Northwest Home Designing Inc. v. Sound Built Homes Inc.

776 F. Supp. 2d 1210, 2011 U.S. Dist. LEXIS 20132, 2011 WL 825578
CourtDistrict Court, W.D. Washington
DecidedMarch 1, 2011
DocketCase C10-5016 RJB
StatusPublished
Cited by3 cases

This text of 776 F. Supp. 2d 1210 (Northwest Home Designing Inc. v. Sound Built Homes Inc.) is published on Counsel Stack Legal Research, covering District Court, W.D. Washington primary law. Counsel Stack provides free access to over 12 million legal documents including statutes, case law, regulations, and constitutions.

Bluebook
Northwest Home Designing Inc. v. Sound Built Homes Inc., 776 F. Supp. 2d 1210, 2011 U.S. Dist. LEXIS 20132, 2011 WL 825578 (W.D. Wash. 2011).

Opinion

ORDER DENYING NORTHWEST HOME DESIGNING, INC.’S MOTION TO DISMISS COUNTERCLAIMS II AND III OF GERRY SLICK AND GARY SLICK DESIGN GROUP, INC.

ROBERT J. BRYAN, District Judge.

This matter comes before the Court on Plaintiff/Counter-Defendant N orthwest Home Designing Inc.’s (NHD) motion to dismiss counterclaims II and III of Counter-Claimant Gerry Slick and Gerry Slick Design Group, Inc. (collectively Slick). The Court has considered the pleadings filed in support of and in opposition to the motion and the file herein.
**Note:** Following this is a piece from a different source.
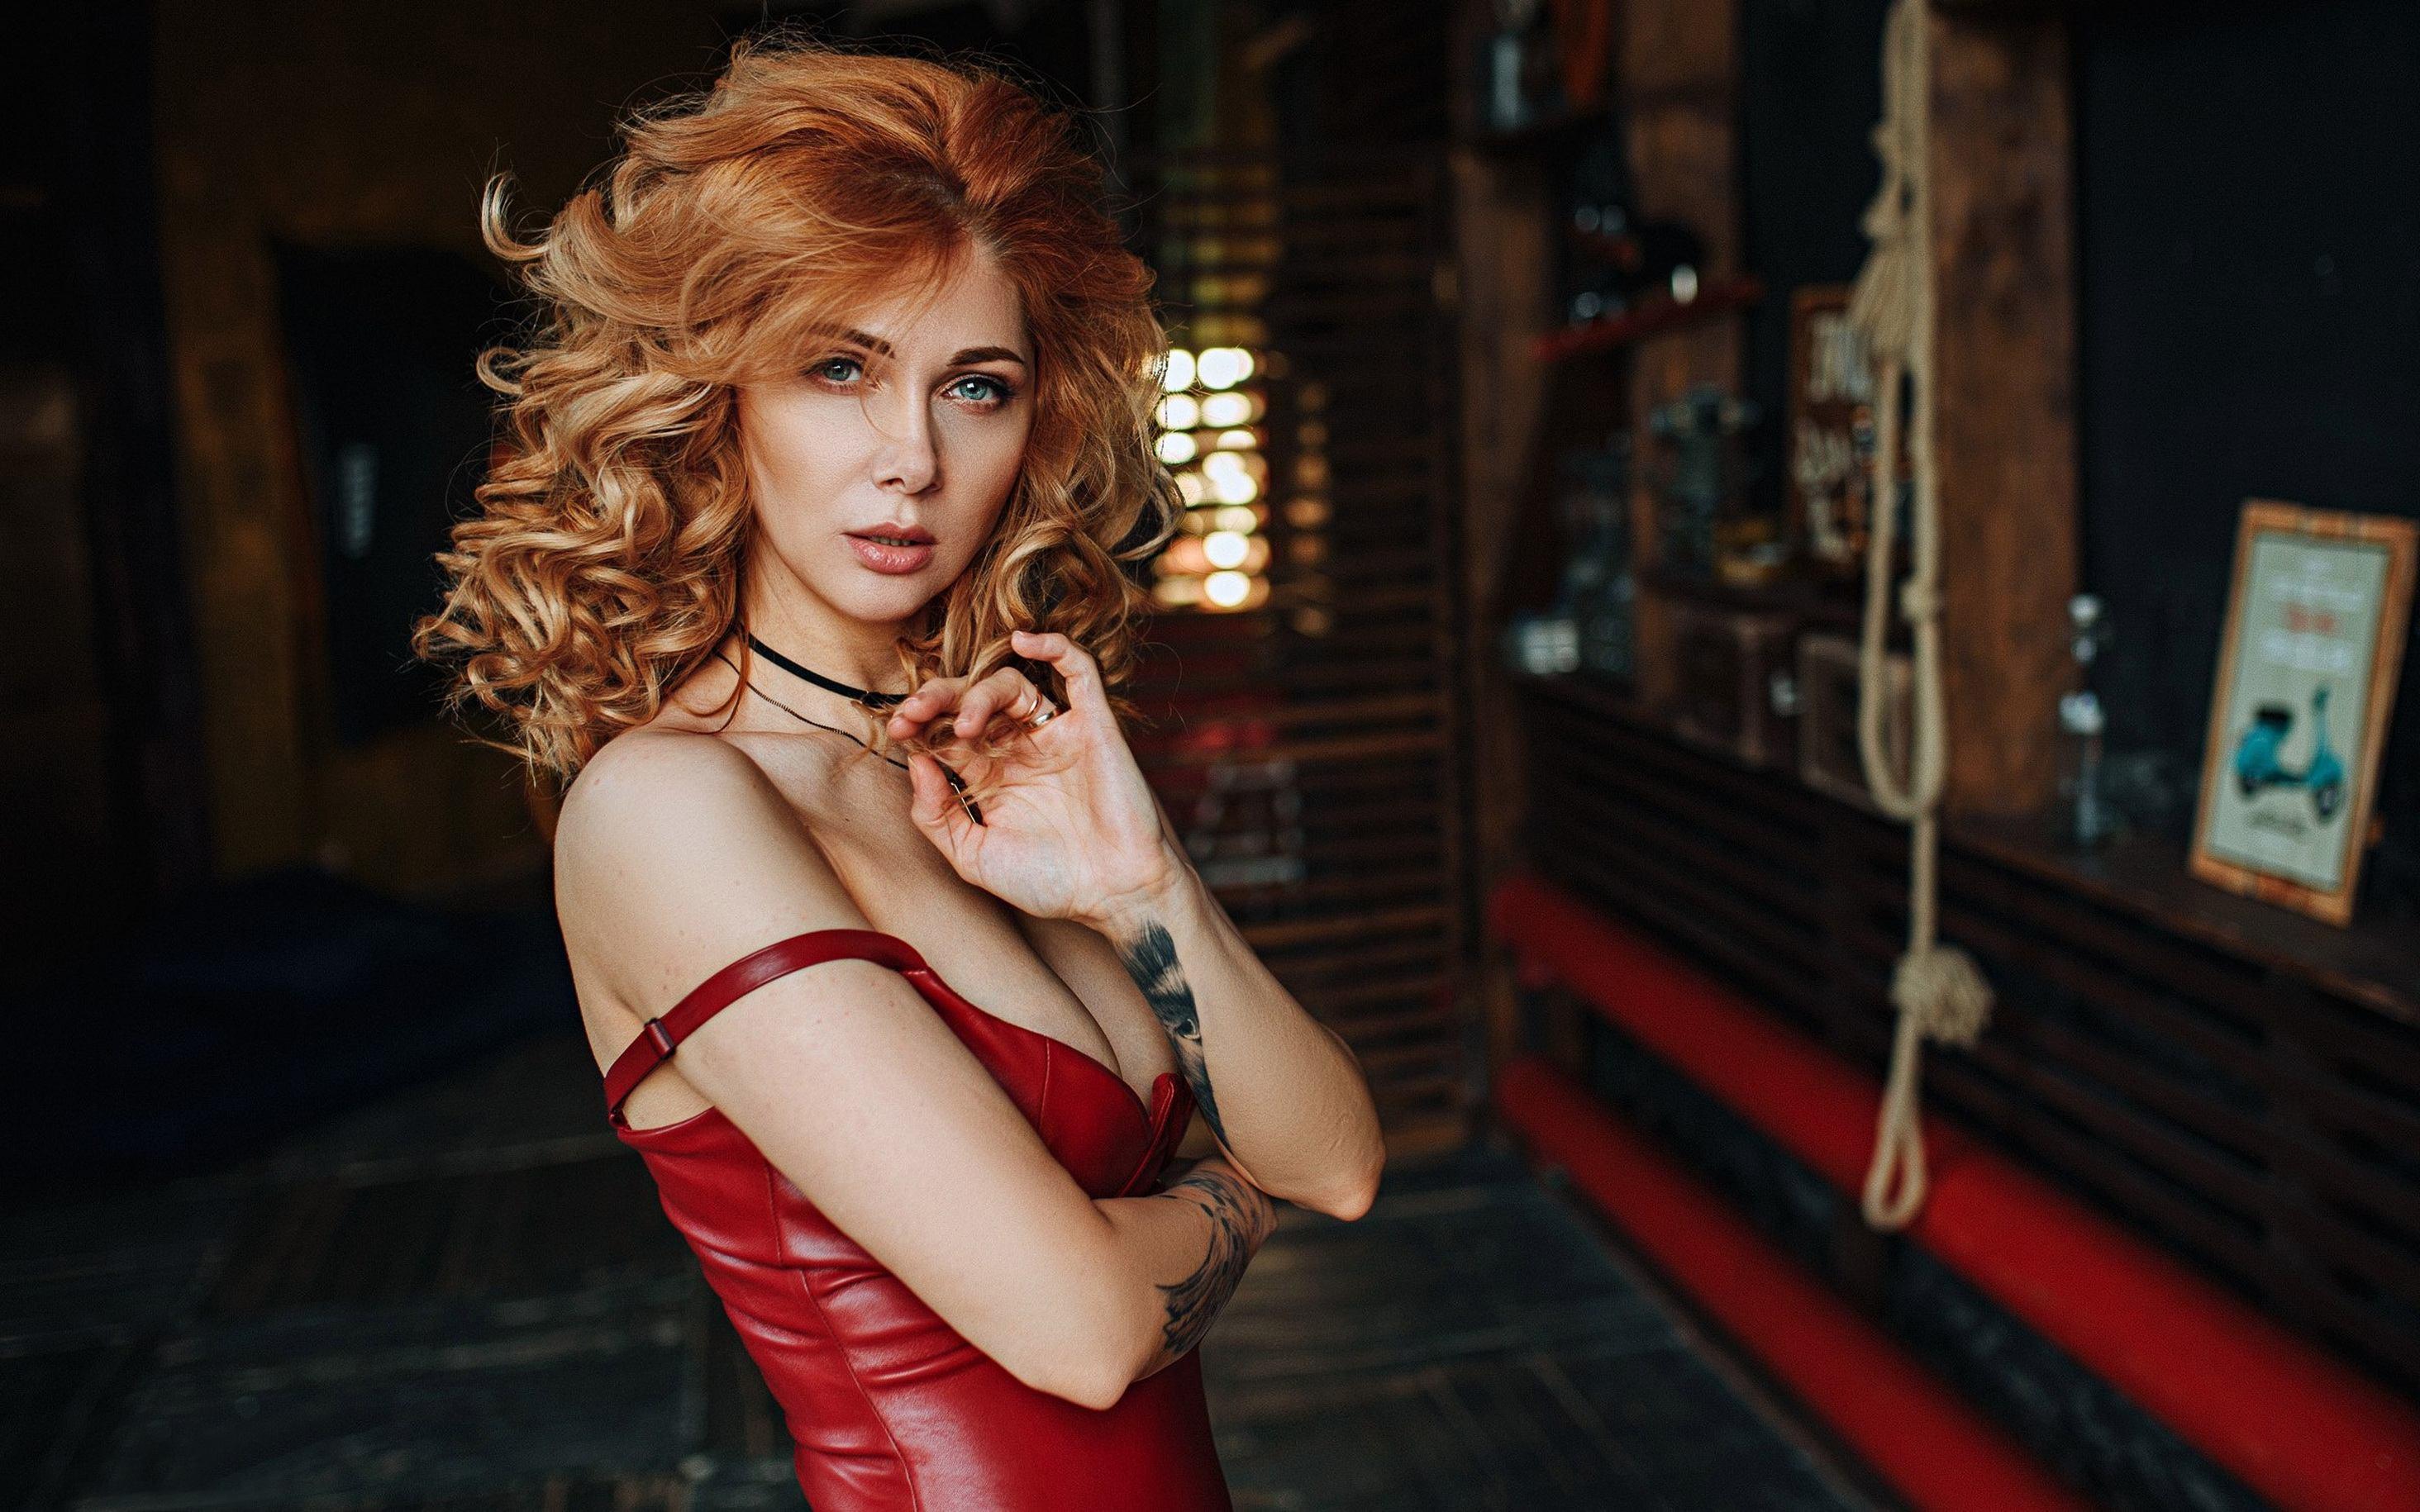 Redhead escorts

I. PROCEDURAL HISTORY AND RELEVANT FACTS

On January 13, 2010, Plaintiff NHD brought suit against Defendants (collectively “Sound Built”) for copyright infringement, alleging that Sound Built made unauthorized copies of NHD’s home designs and used its unauthorized copies to build and sell more than 900 infringing homes. (Dkt. 1, pp. 1-6).

In December 2010, Sound Built inter-pleaded Gerry Slick and Gerry Slick Design Group, Inc., (Slick), along with Remidco, Inc., Cascade Residential Design, Inc., and Level Design, LLC, as third-party defendants for breach of warranty, contribution, and indemnification. (Dkt. 39, pp. 11-16). Sound Built’s third-party claims against Slick request indemnification in the event that one of Sound Built’s plans created by Slick are found to infringe NHD’s copyrights. (Dkt. 39, pp. 27-28).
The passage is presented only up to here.